● **Your objective**
Among the lines below, the one containing "dissection band t shirts" opens the range and the one containing "The Resident Season" closes it. Print that range exactly, without the pictures.

● **The data**
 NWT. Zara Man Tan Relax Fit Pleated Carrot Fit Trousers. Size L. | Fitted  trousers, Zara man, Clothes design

==

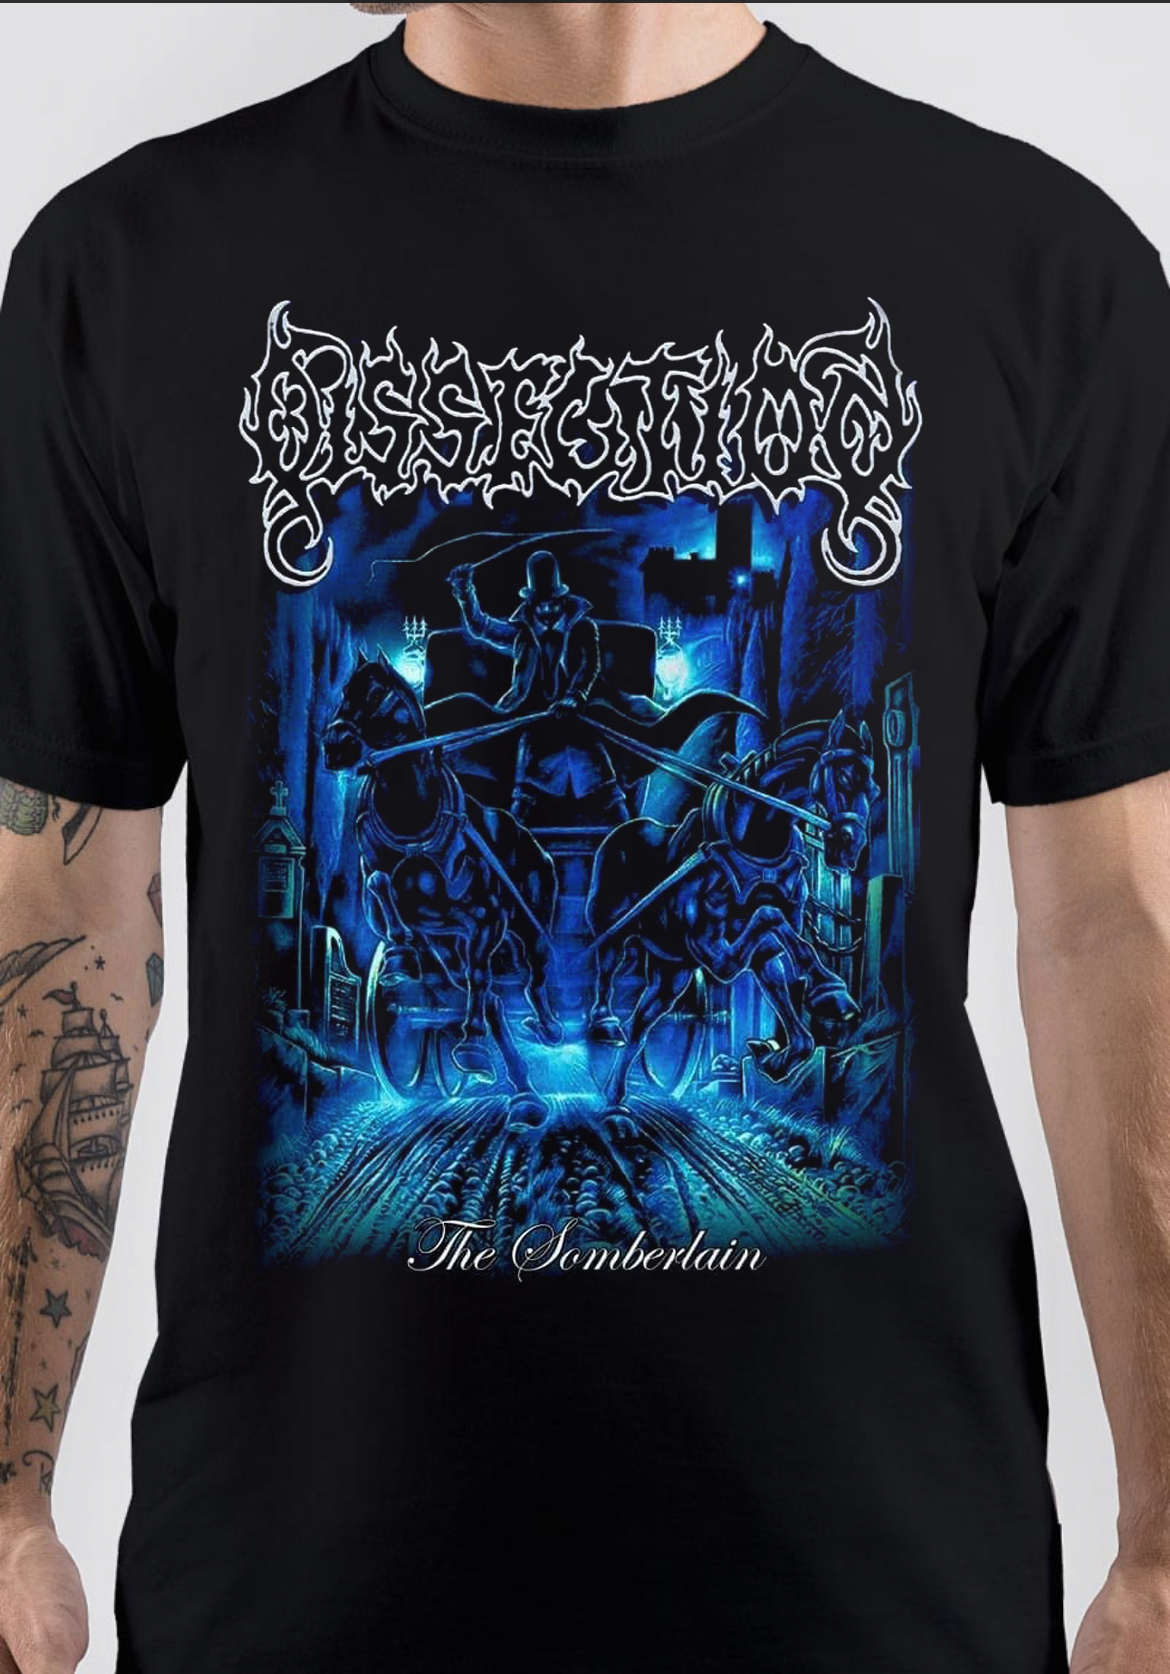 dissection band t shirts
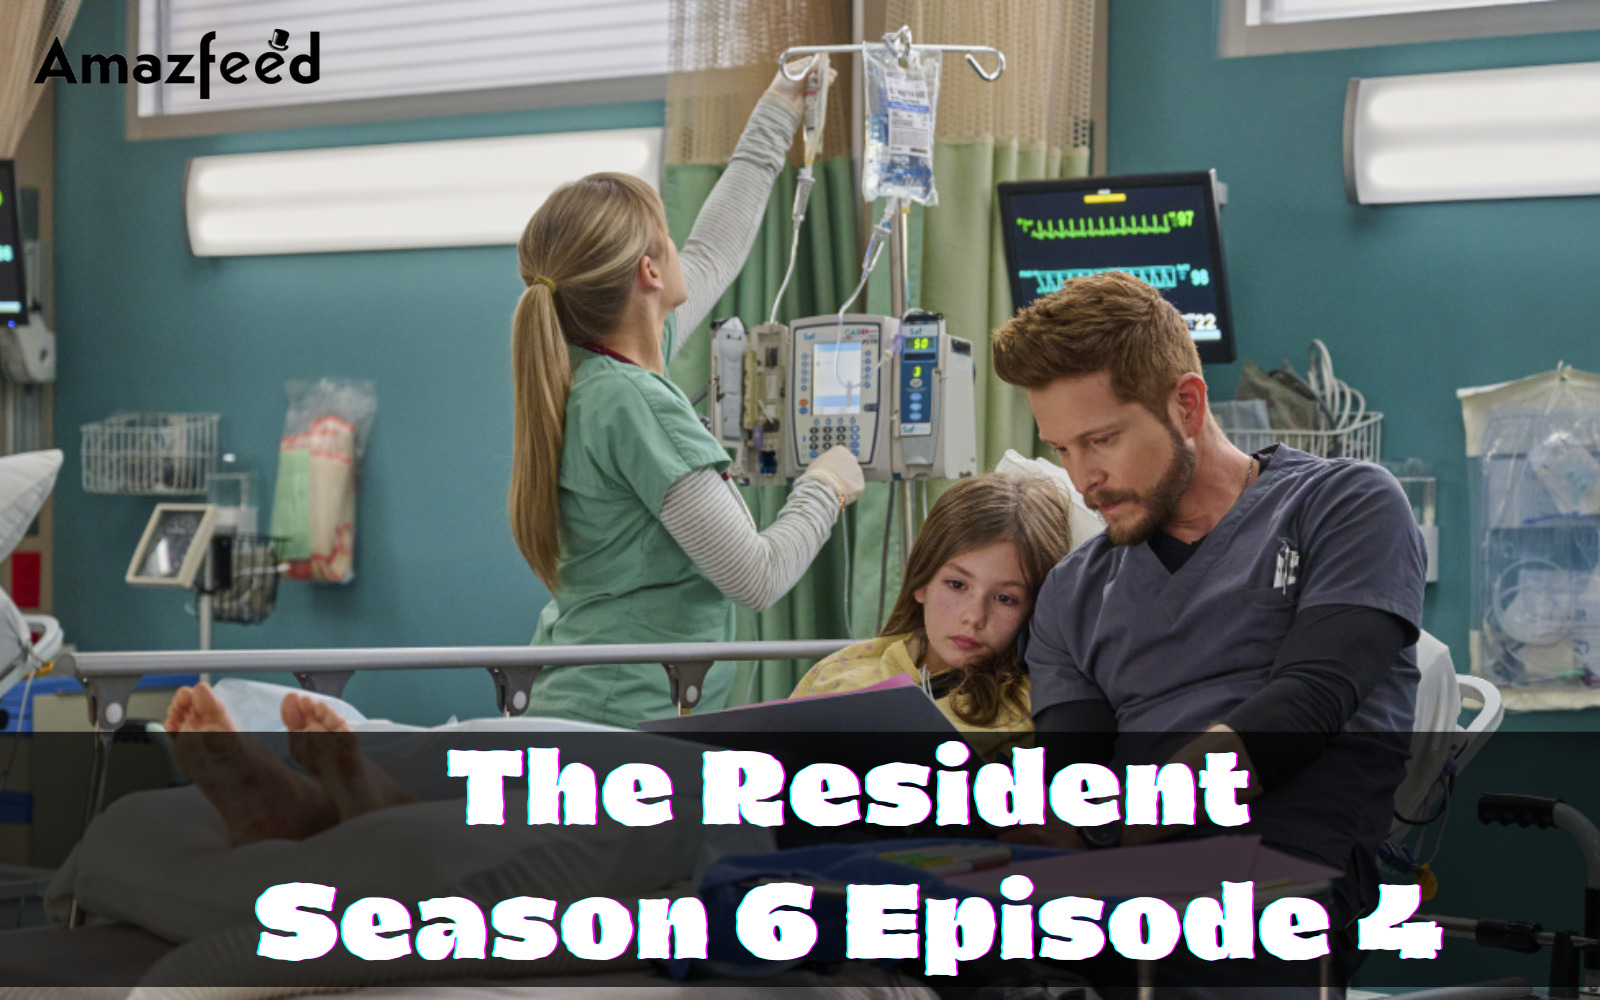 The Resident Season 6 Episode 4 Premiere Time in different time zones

...

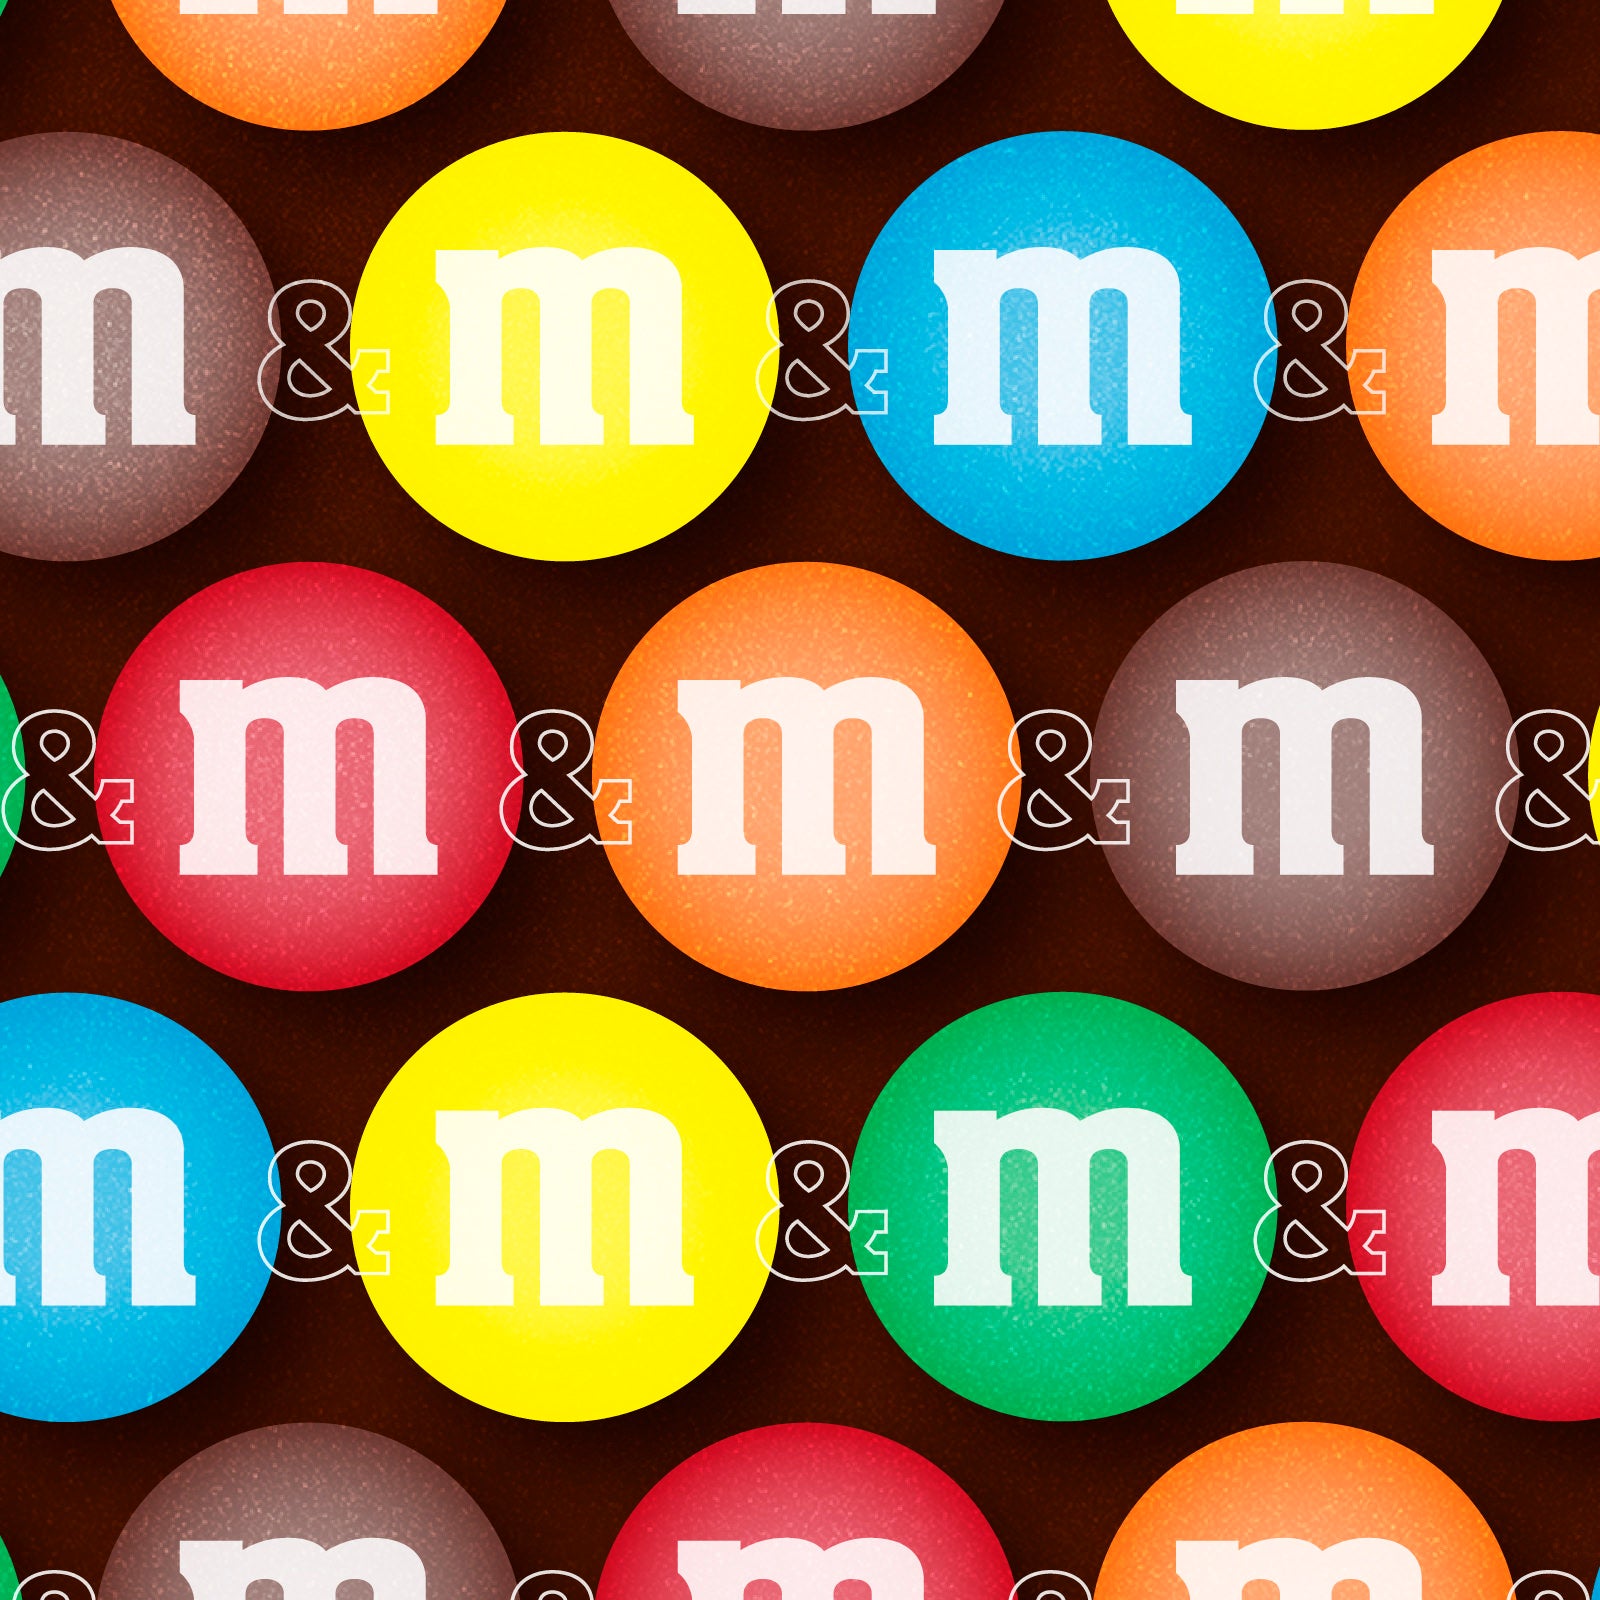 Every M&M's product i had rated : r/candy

● **Response**
 dissection band t shirts
 The Resident Season 6 Episode 4 Premiere Time in different time zones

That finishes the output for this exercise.